Additionally, AmbientTalk provides dedicated takenOffline observers which get triggered only once when the object is taken offline. They are installed similarly to when:disconnected observers as follows:
when: messenger takenOffline: { system.println("Buddy offline: " + name); //clean certain resources associated to the buddy };
The construct takes as parameter a far reference and a block of code that is executed when the taken offline event is notified to the virtual machine. when:takenOffline
observers can be considered as a special kind of when:disconnected
observers which are triggered only in case of “logical” disconnection, but not in cases of network disconnections.
As previously mentioned, the takeOffline
primitive notifies connected virtual machines when taking an object offline. Since AmbientTalk 2.12, the primitive not only notifies remote virtual machines, but it also notifies the local virtual machine where the takeOffline
was executed so that if any inner actor has local far references to that object, it will also get notified. In other words, if an object is taken offline, all actors holding (local or remote) far references to it get notified.

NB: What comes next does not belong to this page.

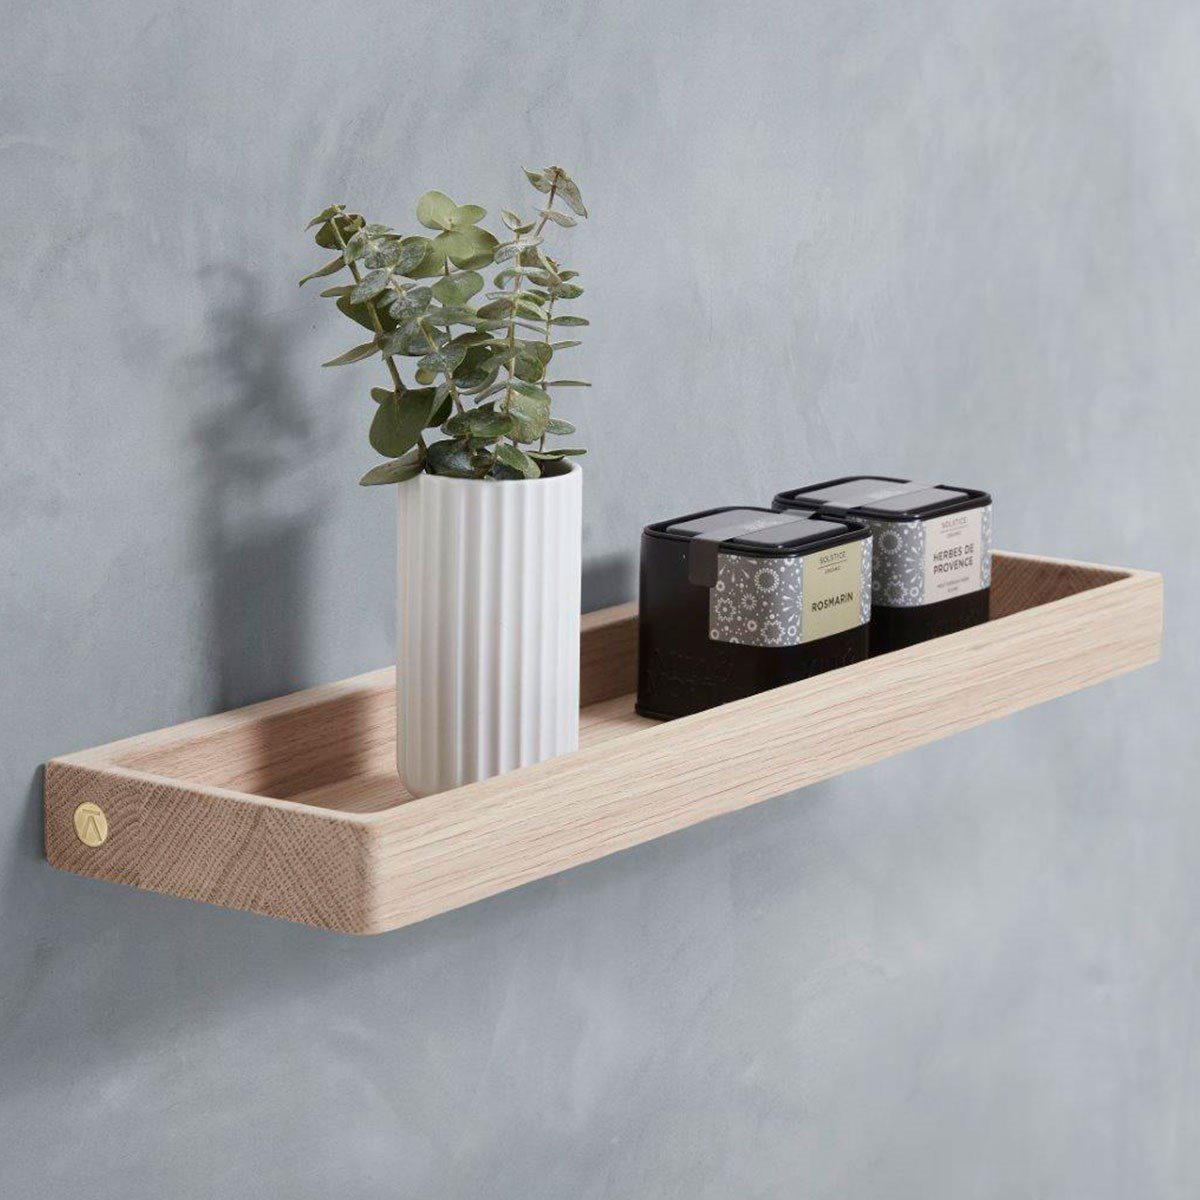 Furniture Shelf Træhylde i lækkert design

These semantics is useful for unit test purposes. The unit testing framework shipped with AmbientTalk has support for asynchronous test invocations which can be used to perform concurrent or distributed unit tests. In fact, distributed unit tests are simulated by means of concurrency, i.e. using different actors in your unit test which make use of the network facilities. However, distributed unit tests cannot simulate network disconnections by means of network.offline
since the construct works at virtual machine level. In other words, network.offline
simulates a network disconnection of a complete virtual machine, but what those tests need is to simulate the disconnection of a particular actor inside the virtual machine where they are running.
By means of the takeOffline
primitive, the intra-actor access to an object can be cut (independently if the actor is located within the same virtual machine or in a remote one), enabling the simulation of the disconnection of an actor inside a virtual machine.